*The data*
:::::

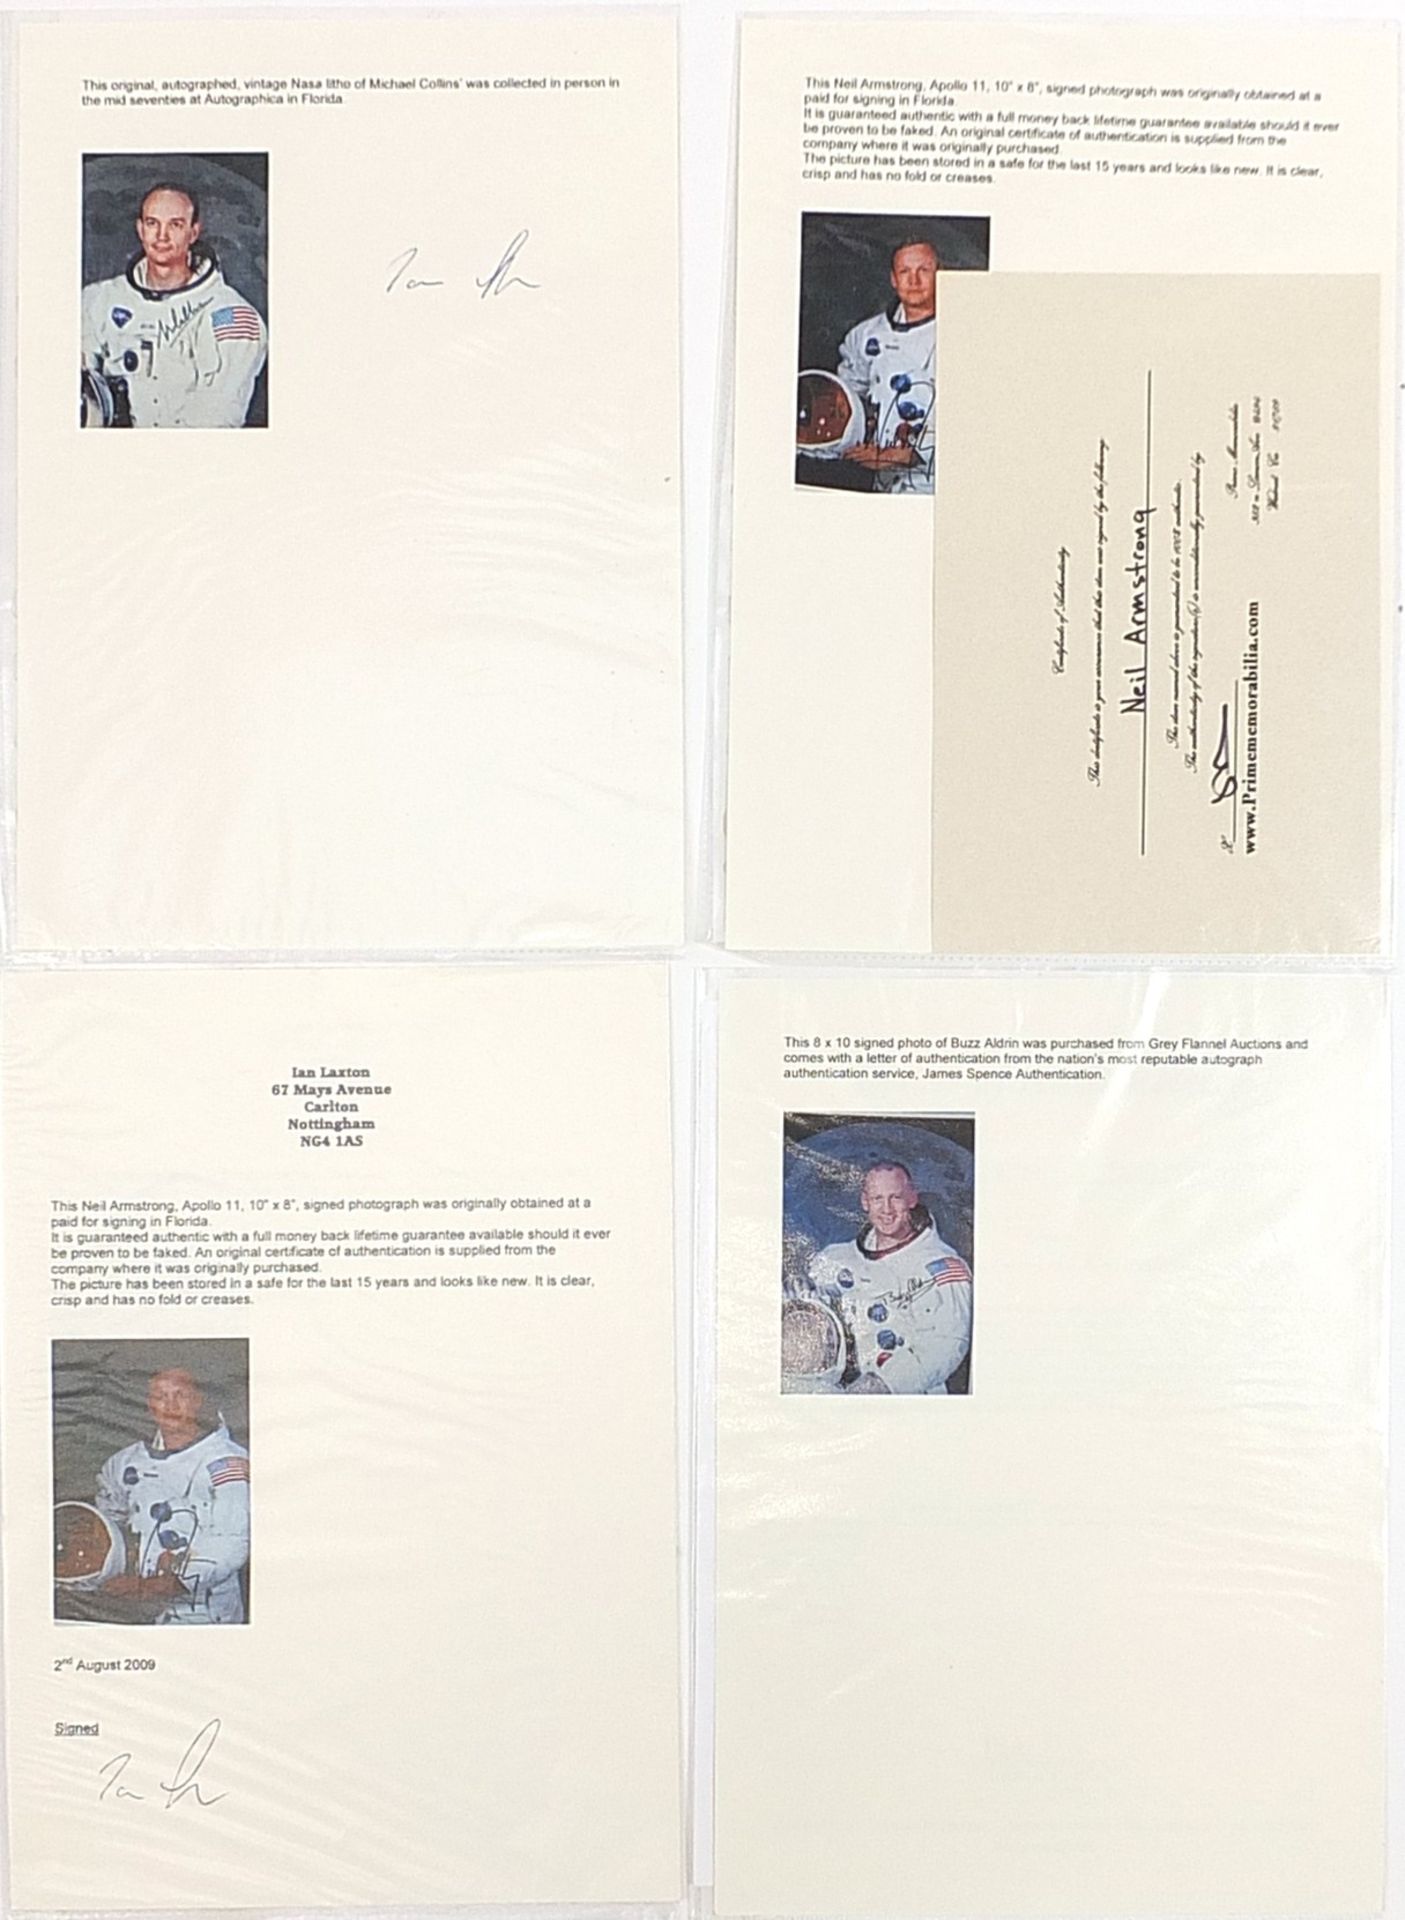 Neil Armstrong, Edwin Aldrin Junior and Michael Collins, Apollo 11 ink signatures on photographs, - Image 7 of 7
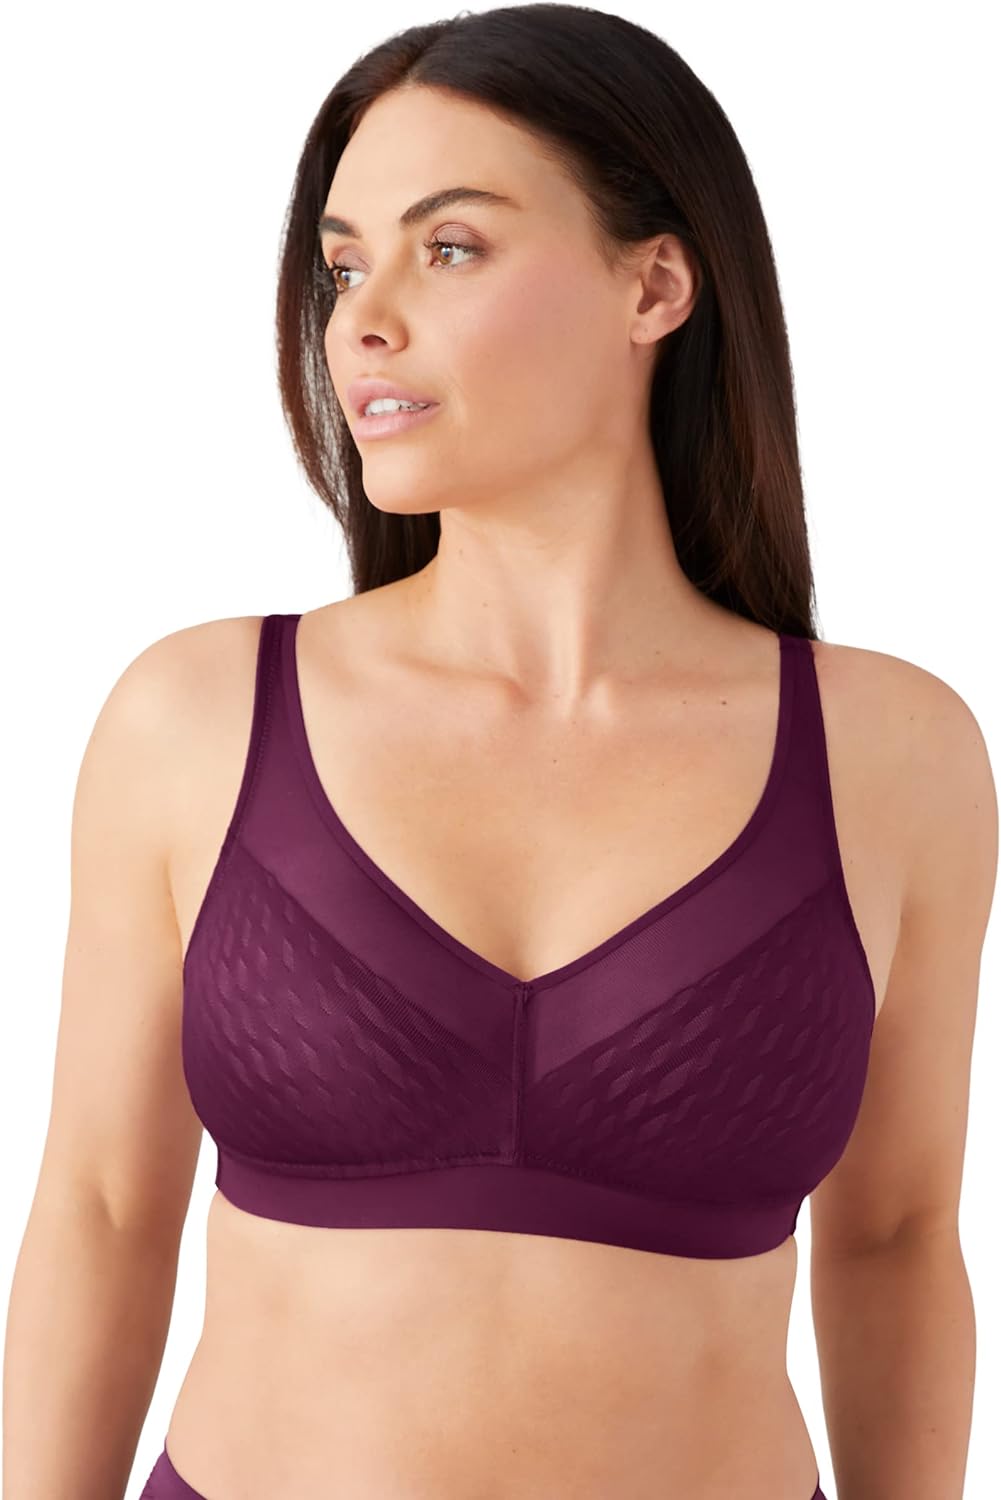 Old Lady Thin Wirefree Bras Full Coverage Underwear Lace Sexy Bralette  Everyday Bras for Middle Elderly Women (Color : Gray Purple, Size : 85/38BC)
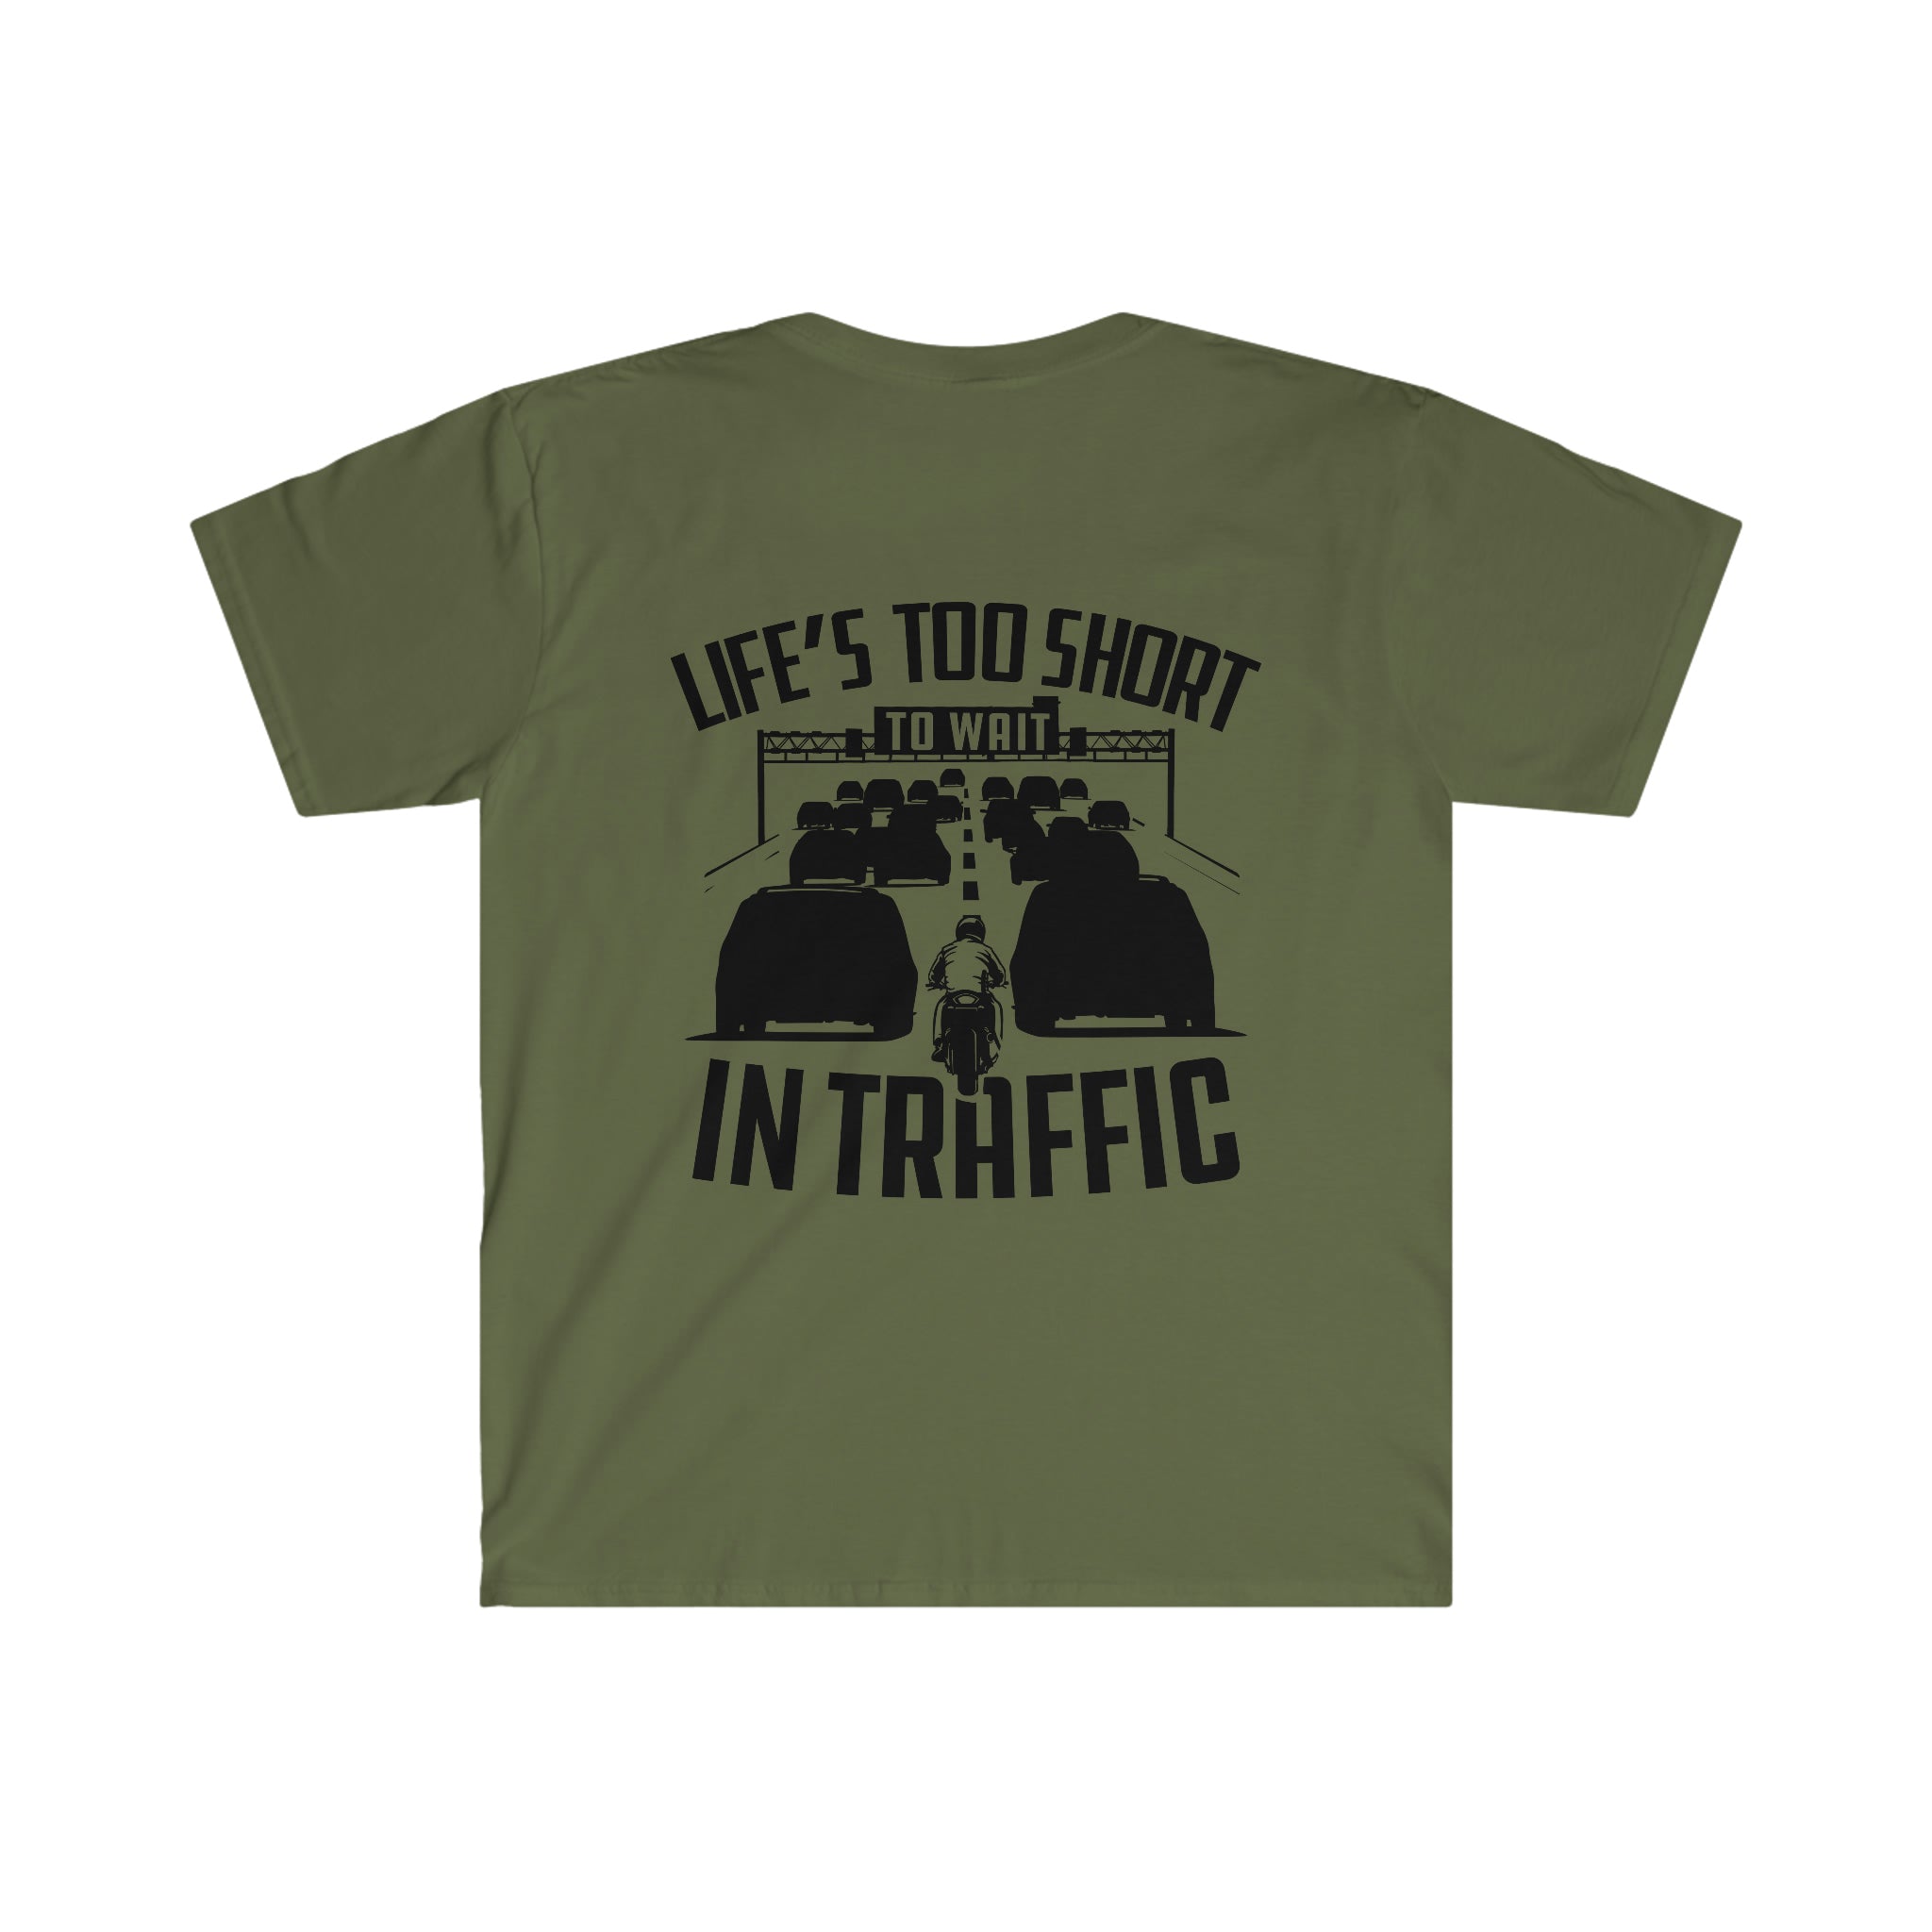 Life's Too Short to Wait in Traffic Tee Shirt – Carbon Moto Gear

:::::

*Instructions for the task*
Return the full listing exactly as written, without any of its images.

*Task answer*
 Neil Armstrong, Edwin Aldrin Junior and Michael Collins, Apollo 11 ink signatures on photographs, - Image 7 of 7
 Old Lady Thin Wirefree Bras Full Coverage Underwear Lace Sexy Bralette  Everyday Bras for Middle Elderly Women (Color : Gray Purple, Size : 85/38BC)
 Life's Too Short to Wait in Traffic Tee Shirt – Carbon Moto Gear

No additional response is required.